- **DATA**:
───
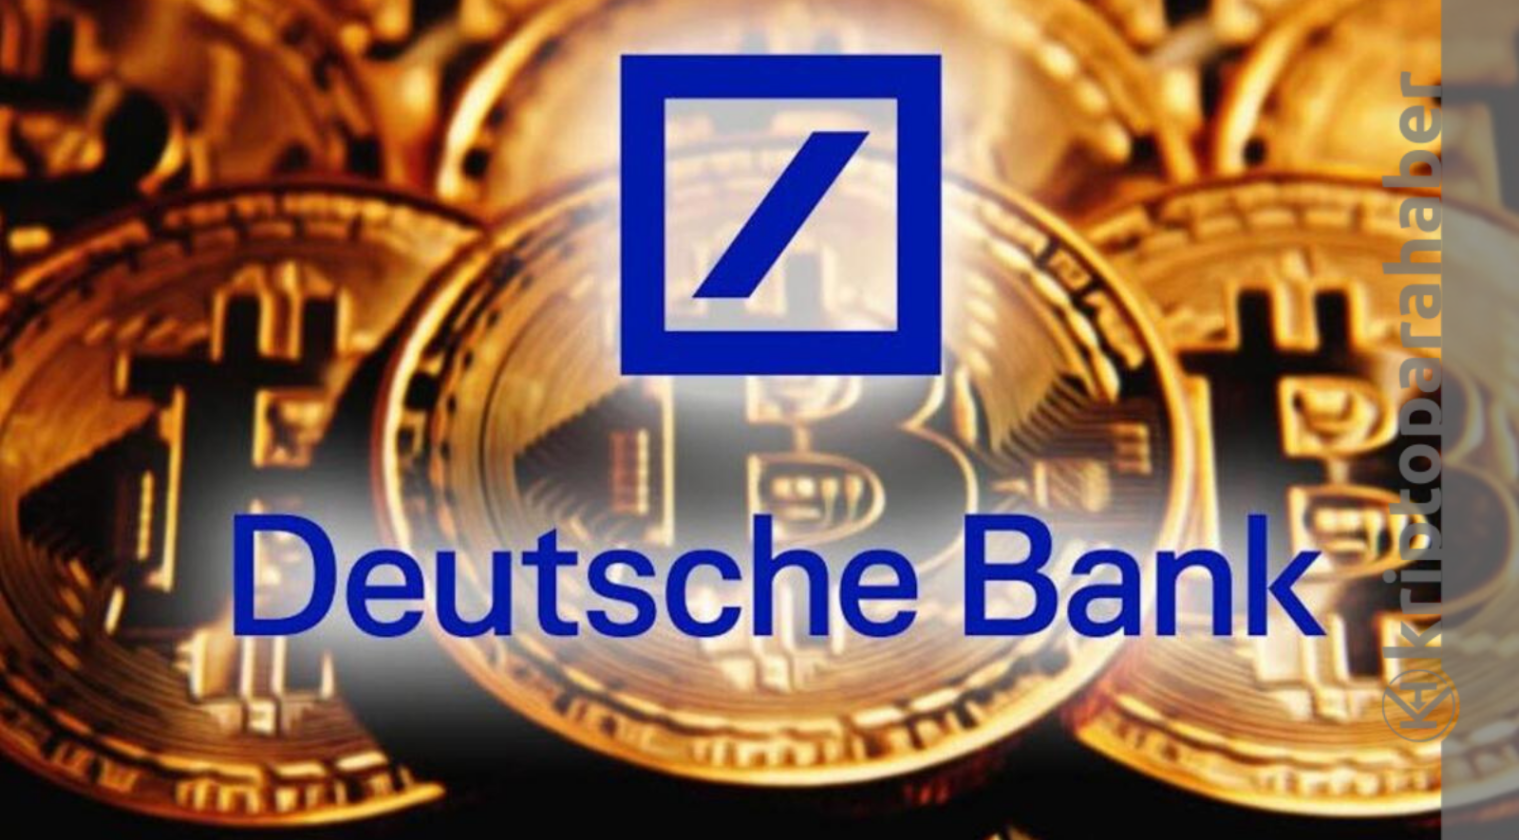 Deutsche Bank: kripto madenciliği 2000 visa işleminden fazla karbon ayak izi üretiyor
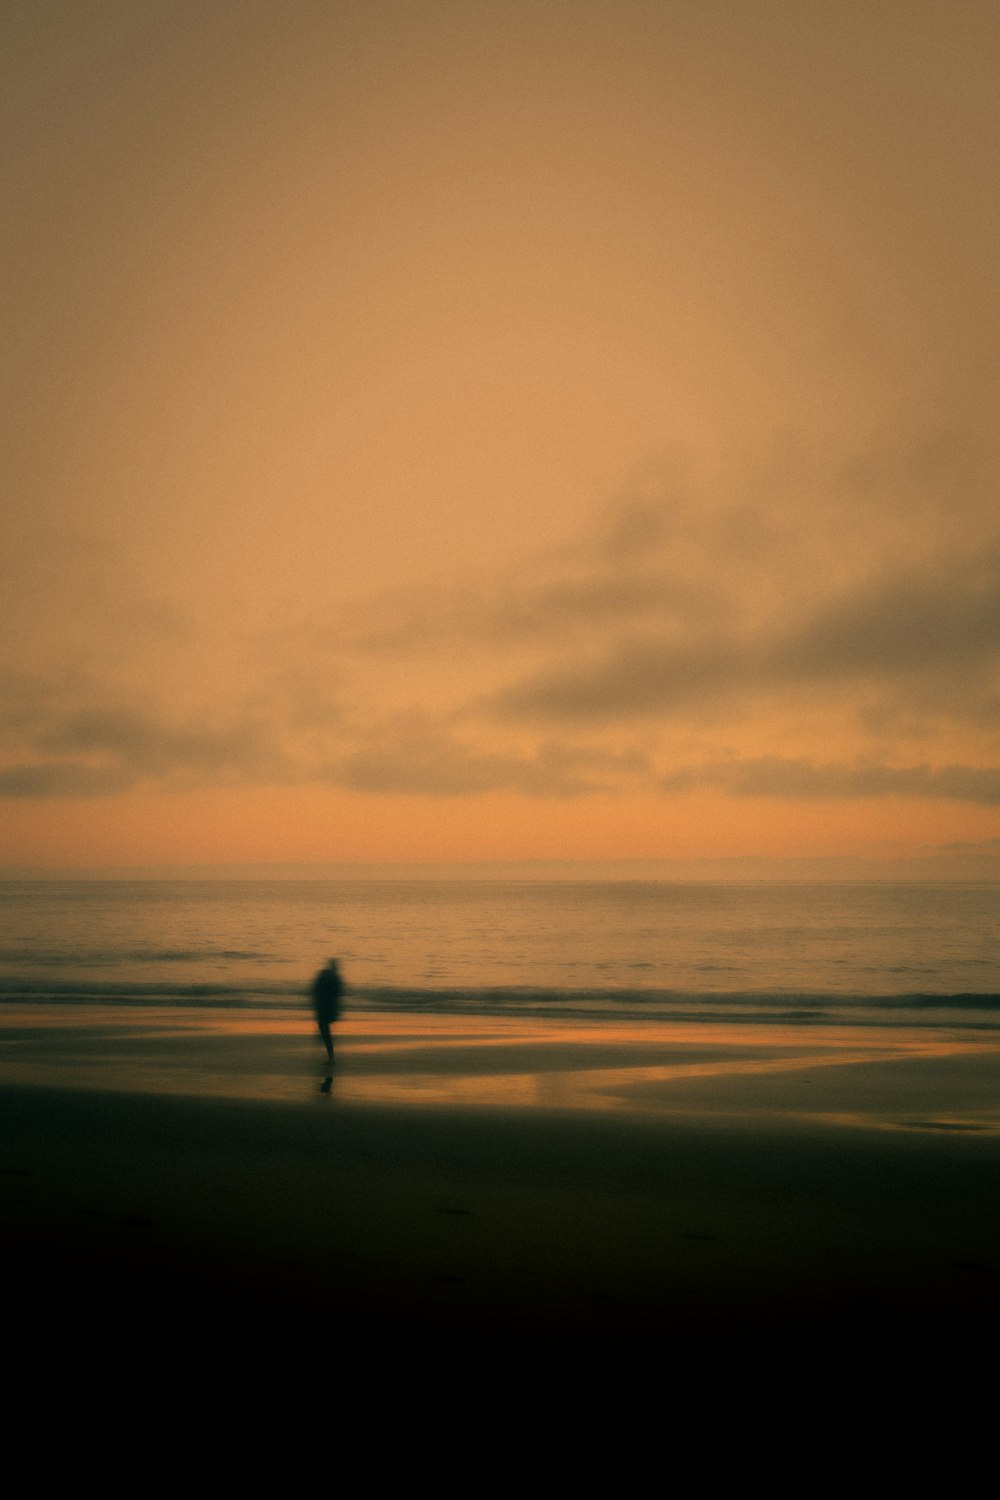 Una persona caminando en una playa al atardecer
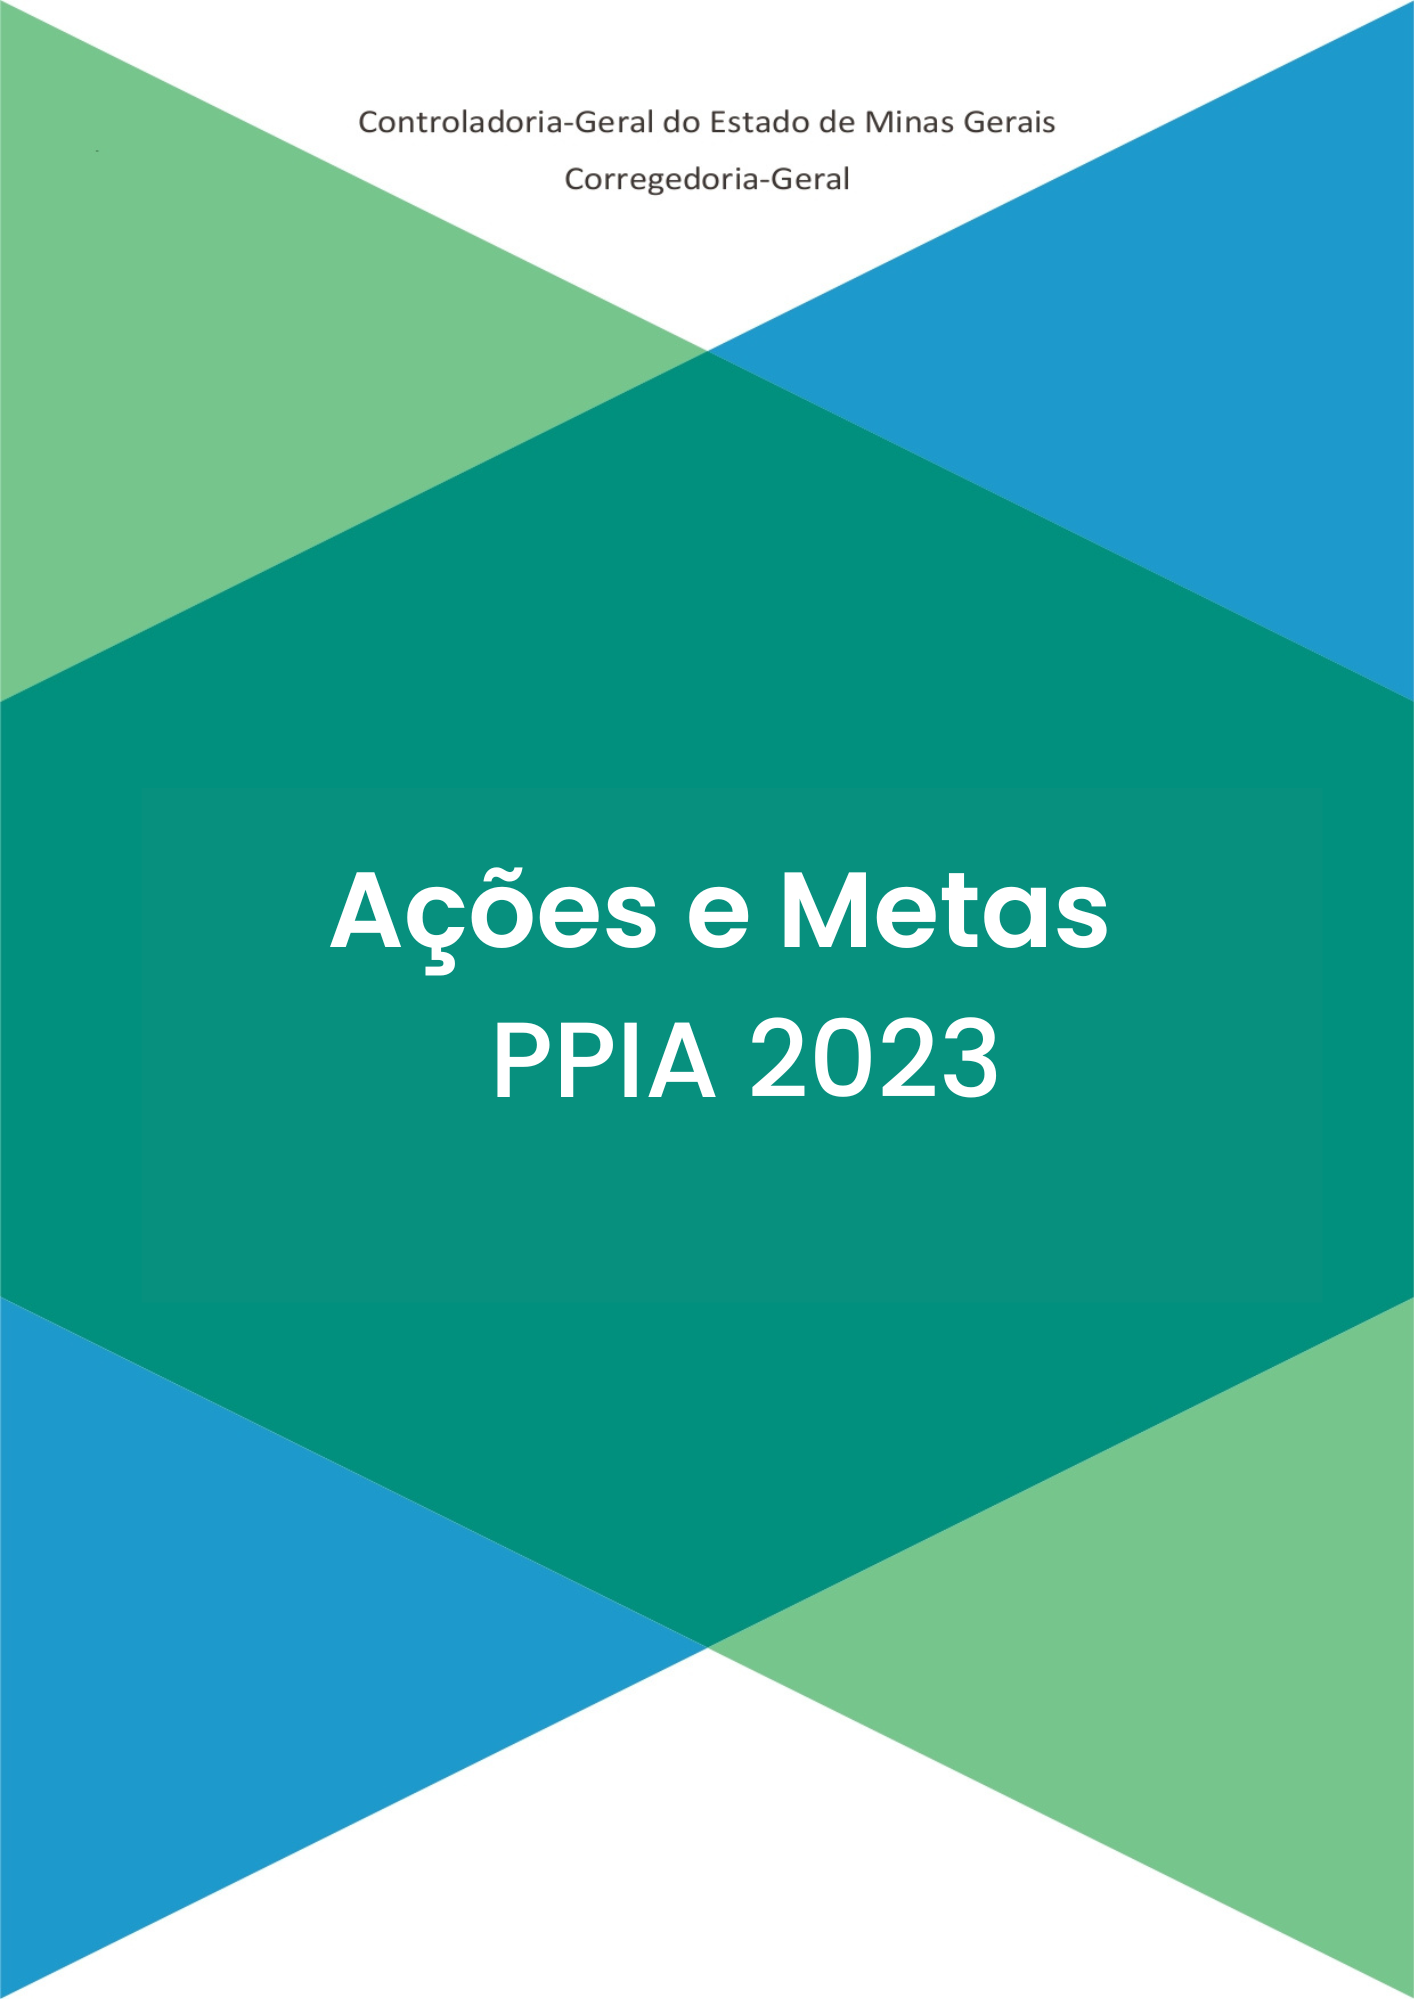 Acoes e metas PPIA 2023
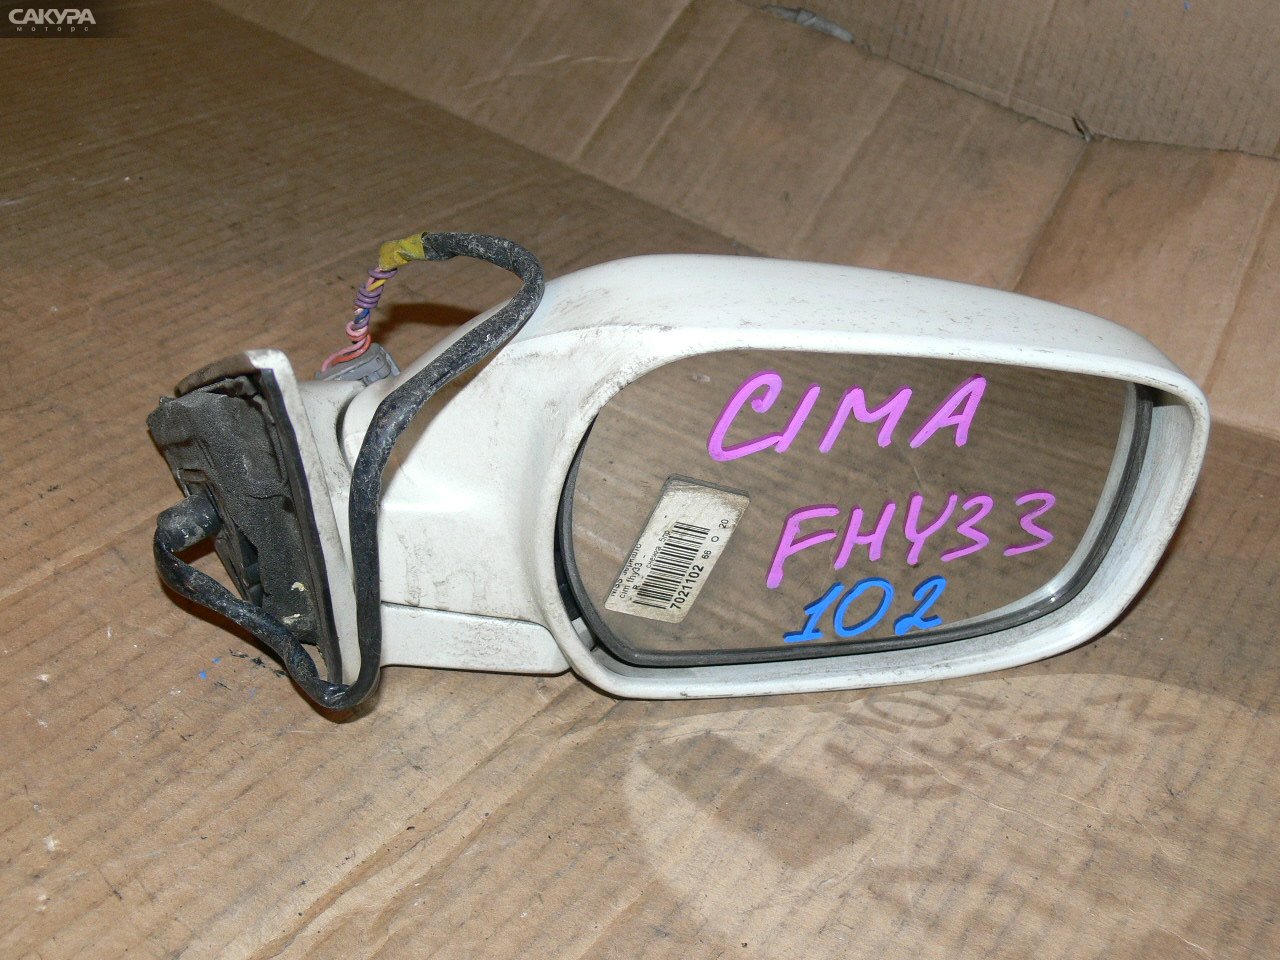 Зеркало боковое правое Nissan Cima FHY33: купить в Сакура Иркутск.
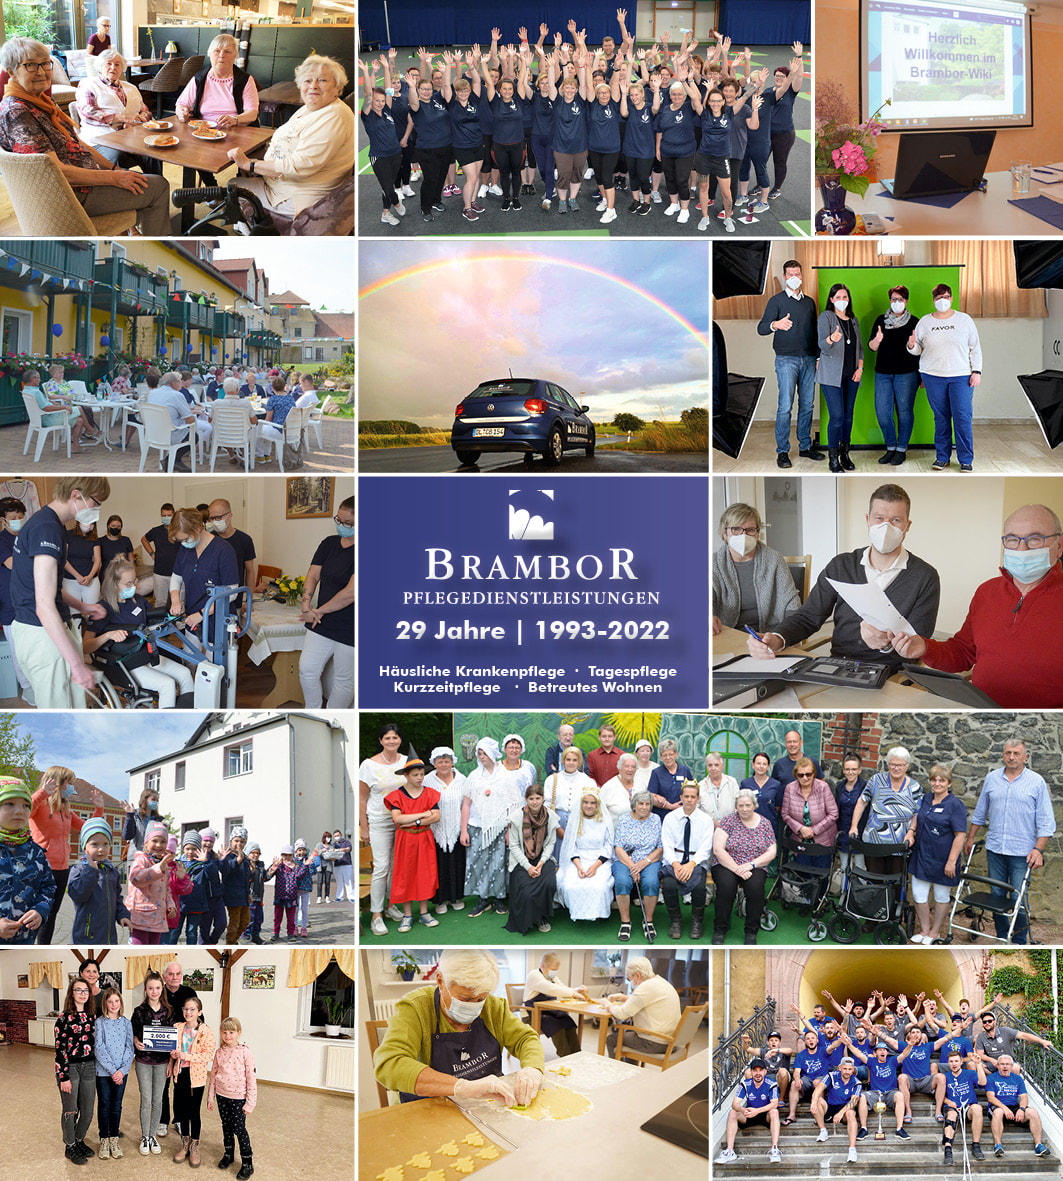 Brambor pflegedienst 2021 rueckblick mitarbeiter team kienten senioren
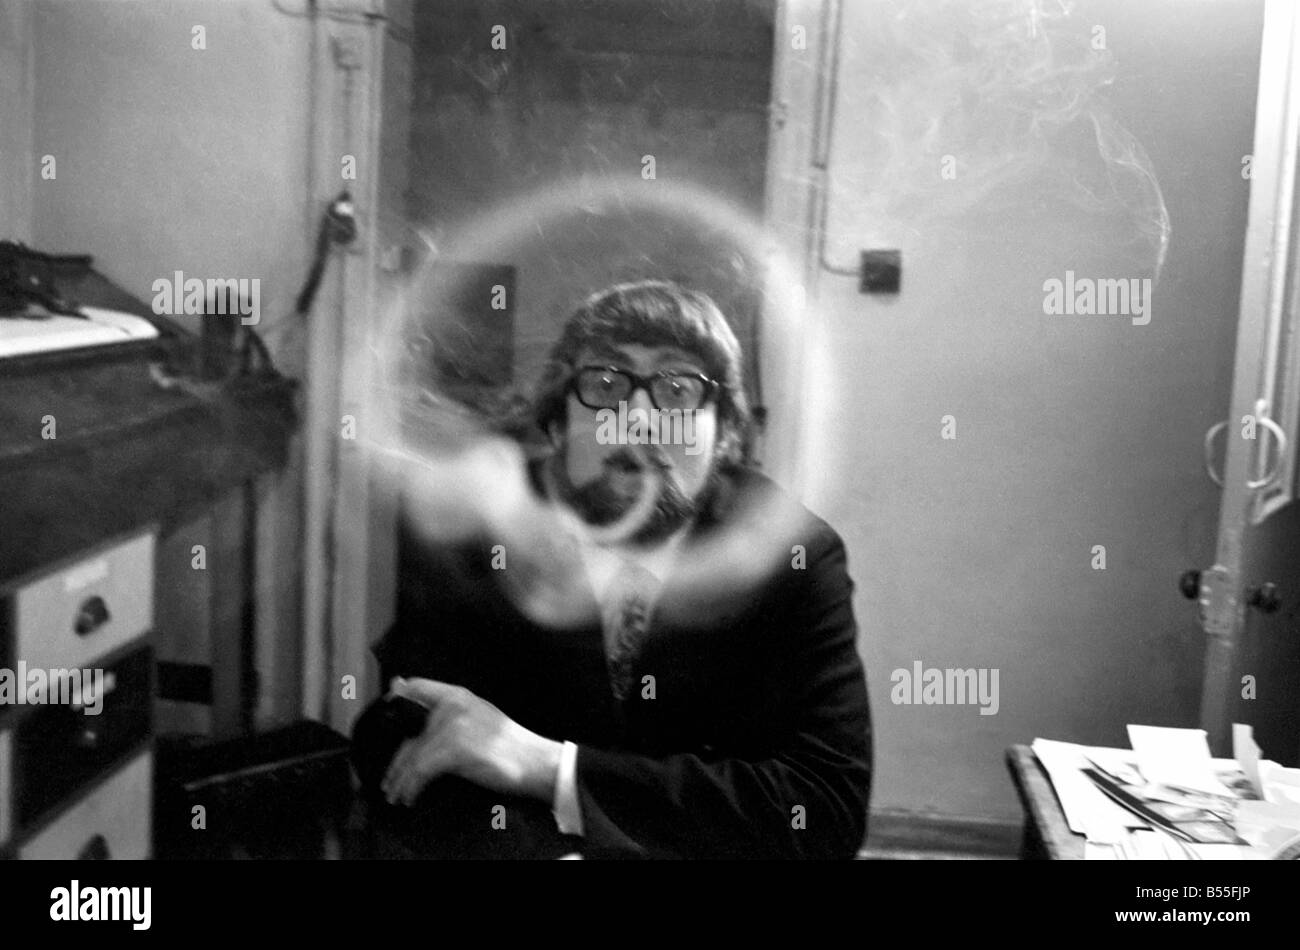 Un homme fume une cigarette soufflant des ronds de fumée. Novembre 1969 &# 13 ;&# 10;Z43007 Banque D'Images
───
- **PROBLEM REQUIREMENTS**: Write out a verbatim copy of the lines from the line that contains "Зеркало боковое правое" through the end of the entries above; pictures are not copied.

- **TASK ANSWER**:
 Зеркало боковое правое Nissan Cima FHY33: купить в Сакура Иркутск.
 Brambor pflegedienst 2021 rueckblick mitarbeiter team kienten senioren
 Un homme fume une cigarette soufflant des ronds de fumée. Novembre 1969 &# 13 ;&# 10;Z43007 Banque D'Images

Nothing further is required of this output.